Thursday, October 18, 2007

Problem Solving, Man-Style

Today at school, a regular education teacher found himself extremely frustrated (to put it mildly) when one of my EBD students refused to do any work in class and would only reply with a shrug when asked, “How can I help?” In fact, he told me that this student has not uttered a word to him in the six weeks we've been in school (he only gets shrugs, and he is tired of it.) The student later explained (to me) the reason for today's problem (it was a group project, and he doesn’t get along well in groups), I insisted that he go to the teacher and explain. Because he was terrified to do so (he prefers shrugging), I offered to go with him. It took some time, not to mention rehearsal and a pull-back-out-in-the-hall pep talk to finally get him to express his need to work alone to the teacher, who responded perfectly (There is a God!). So, it was a wonderful, rewarding experience for me and a real sign of growth for the student, who started the exchange with about 15 seconds of catatonia and ended it with a gentle smile and a huge sigh of relief.

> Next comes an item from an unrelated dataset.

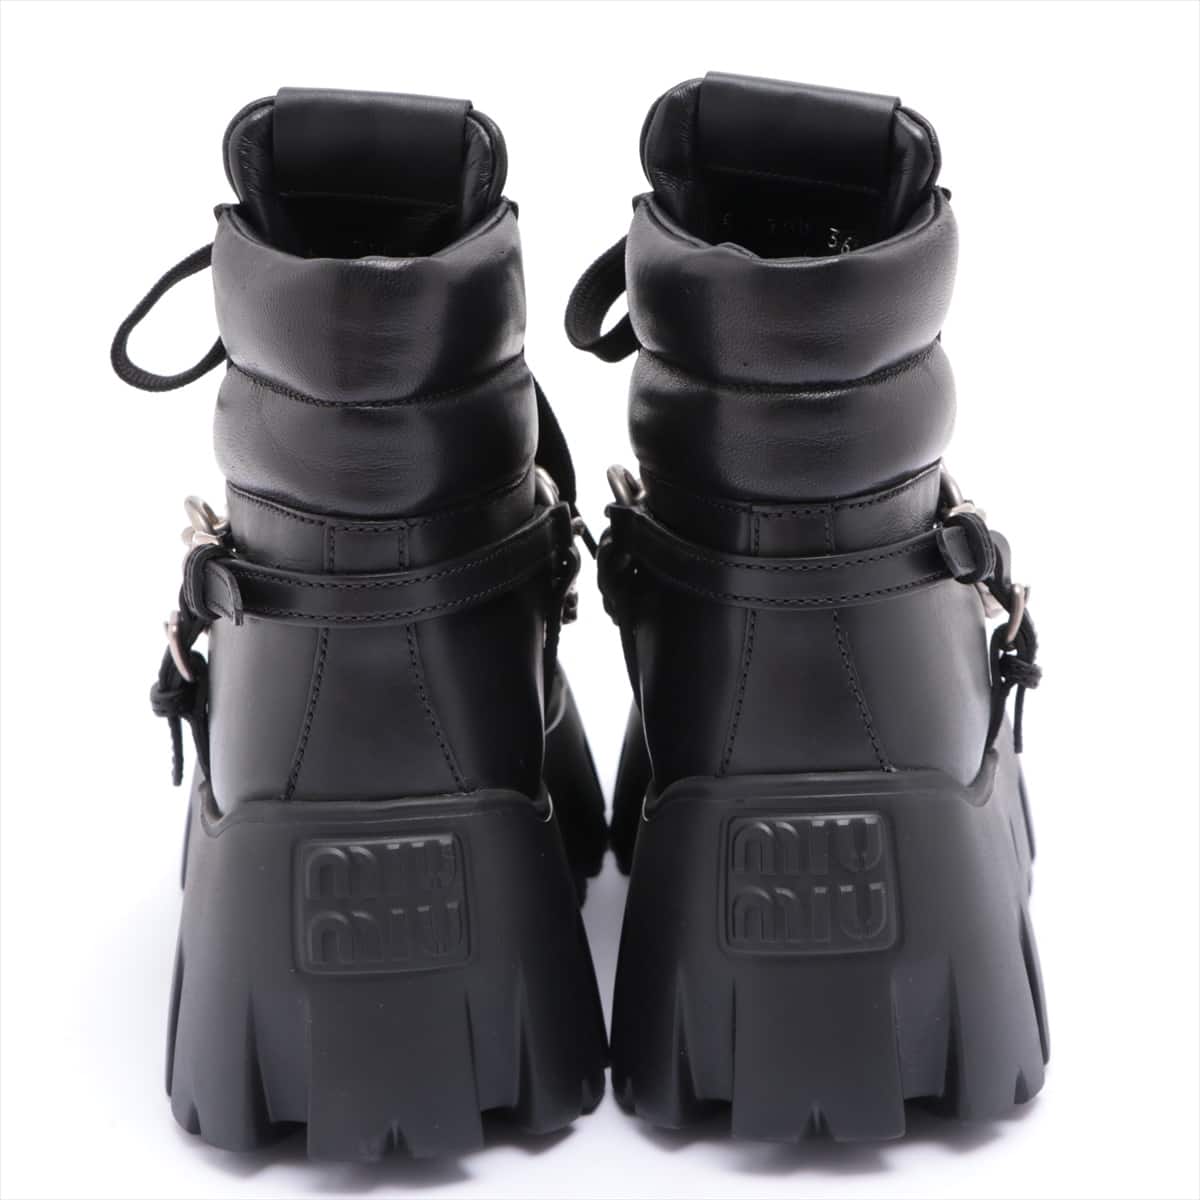 Miu Miu Leather Short Boots 36 Ladies' Black 5T570D

I finally made it to my room, where my high-functioning cognitively disabled students were patiently waiting for me. I took the opportunity to share why I was late. Since the class is a social skills class, I thought it would be good to talk about the situation. I explained that teachers cannot solve problems if students don’t communicate. I pointed out, “It was very hard for Mr. M when he couldn’t solve the problem. Why?” [Silence.] I continued, “Because men are kind of ‘wired’ a certain way. When a man is faced with a problem, what does he really want to do?”

Of course, here I was expecting the appropriate Men Are From Mars, Women Are From Venus response, which is “Men facing a problem really want to fix it.” Instead, Amy cheerfully offered, “Get drunk?” Priceless.